In the alternative universe we currently call home, "conservative" writers now celebrate moments in which the state takes bold action against the status quo in the service of dramatic societal transformations; a "conservative" is someone who urges his neighbors to march to utopia behind the banner of the liberationist state. I have previously described the application of this new ideal as the conservative Great Society program for the Middle East, a fevered embrace of the nearly unlimited application of state power. The United States government, possessing great human truths, will make common cause with the world's oppressed, and spread its system of freedom across the globe....

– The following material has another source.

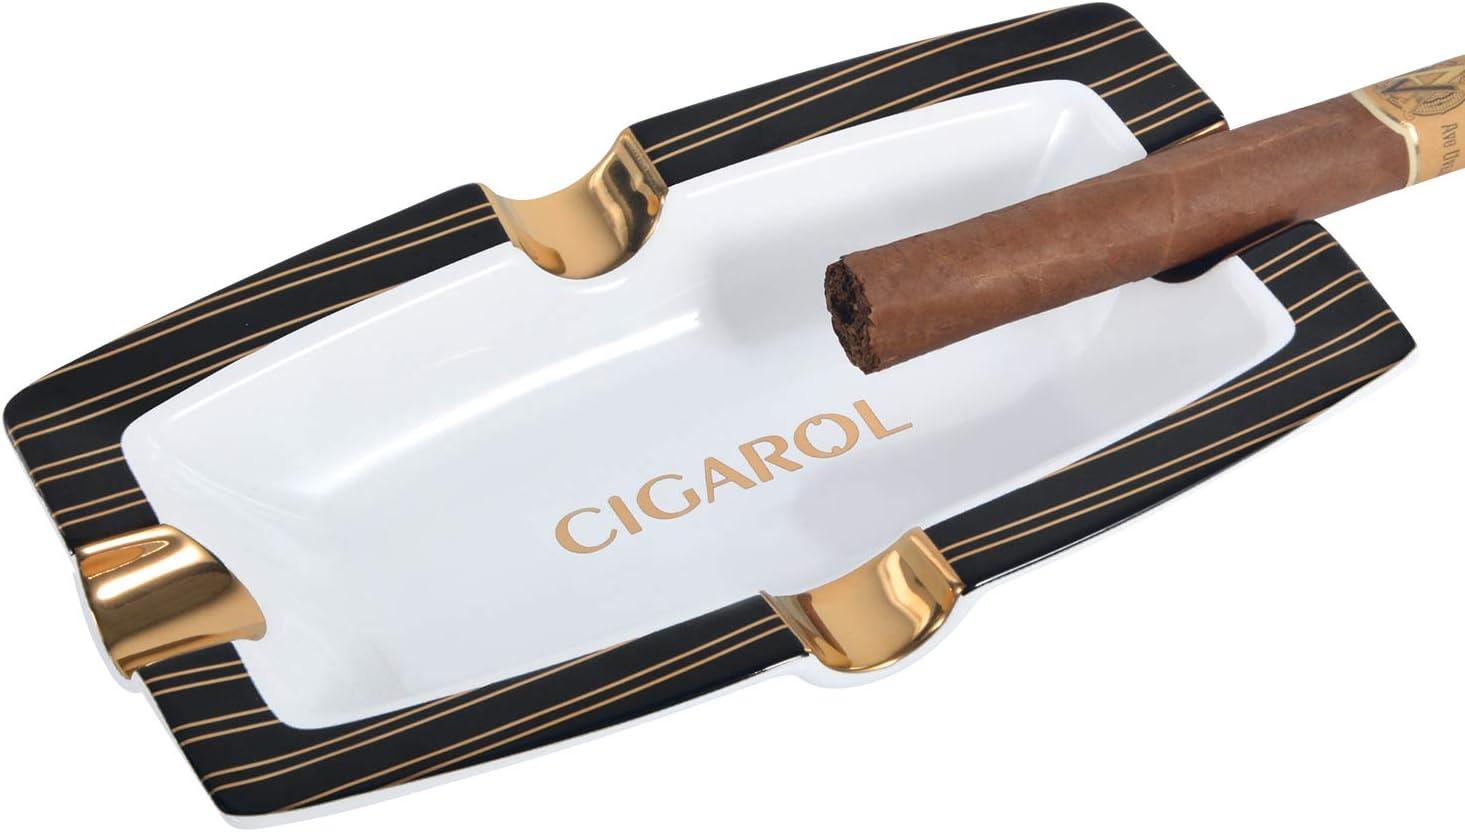 Cigar Ashtray, Ceramic Ash Tray, 4 Slots Cigar Rest Holder, Indoor Outdoor Desktop Ash Holder for Smokers, Cigar Accessories for Indoor, Outdoor, Patio, Home, Office Use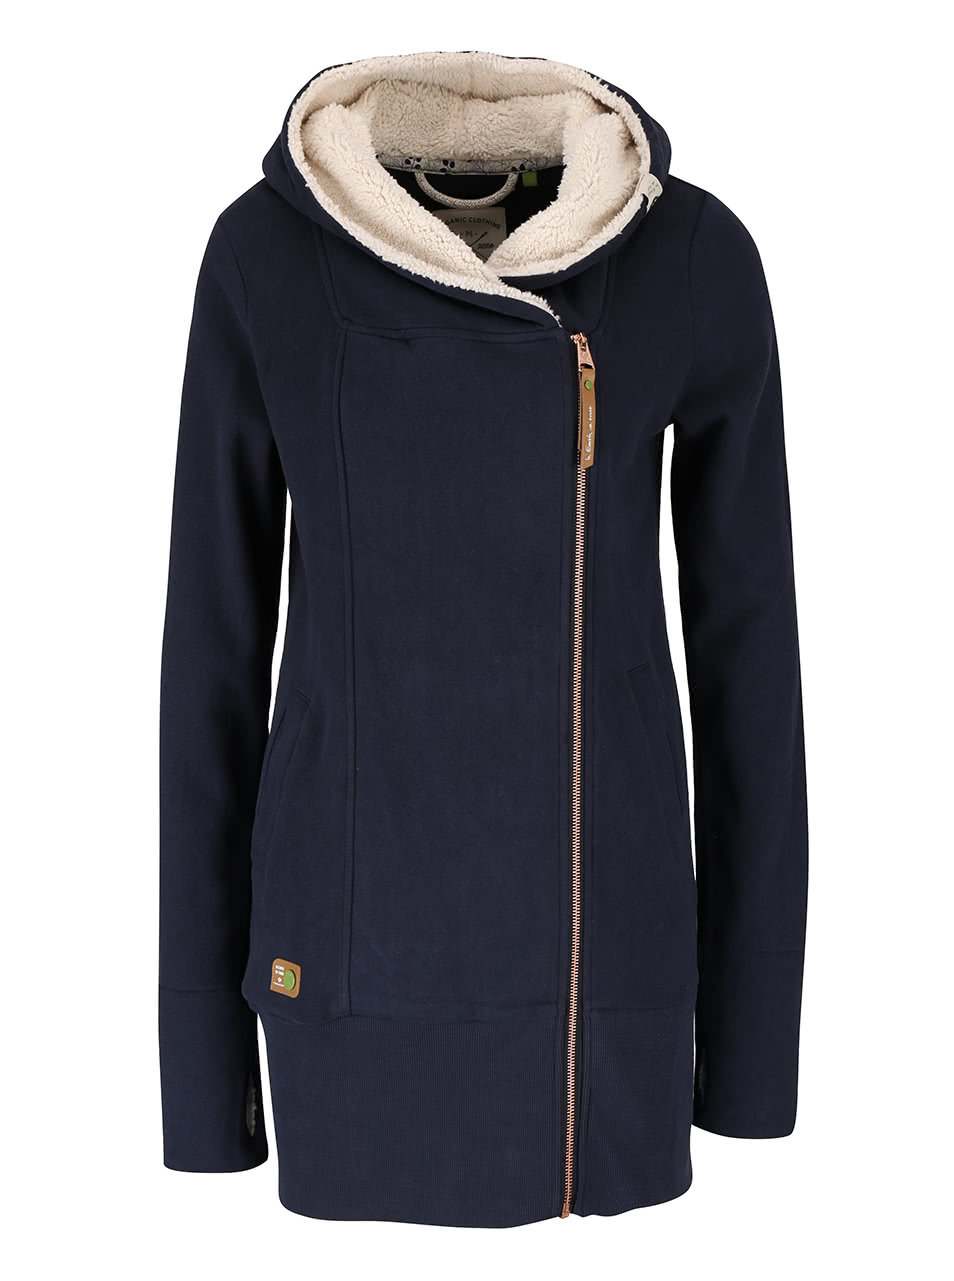 Tmavomodrá dámska dlhá mikina na zips Ragwear Amelia Organic ... 8fdb04da62f

The interesting development now underway is that putative conservatives, having abandoned moral modesty in global affairs in favor of an unyielding ideological certitude, are now compelled to take a distinctly Soviet attitude toward the simplest realities. While people who follow the U.S. military closely are describing a "manpower meltdown" -- especially in the army, and especially among soldiers in the combat arms -- the emerging collapse of the very force needed to sustain the liberationist project is entirely absent from the neoconservative radar. Look at Michelle Malkin's blog, or Victor Davis Hanson's website. See any signs in there that American military power is reaching its limit on the ground? Any mention of the growing crisis in recruiting and retention?"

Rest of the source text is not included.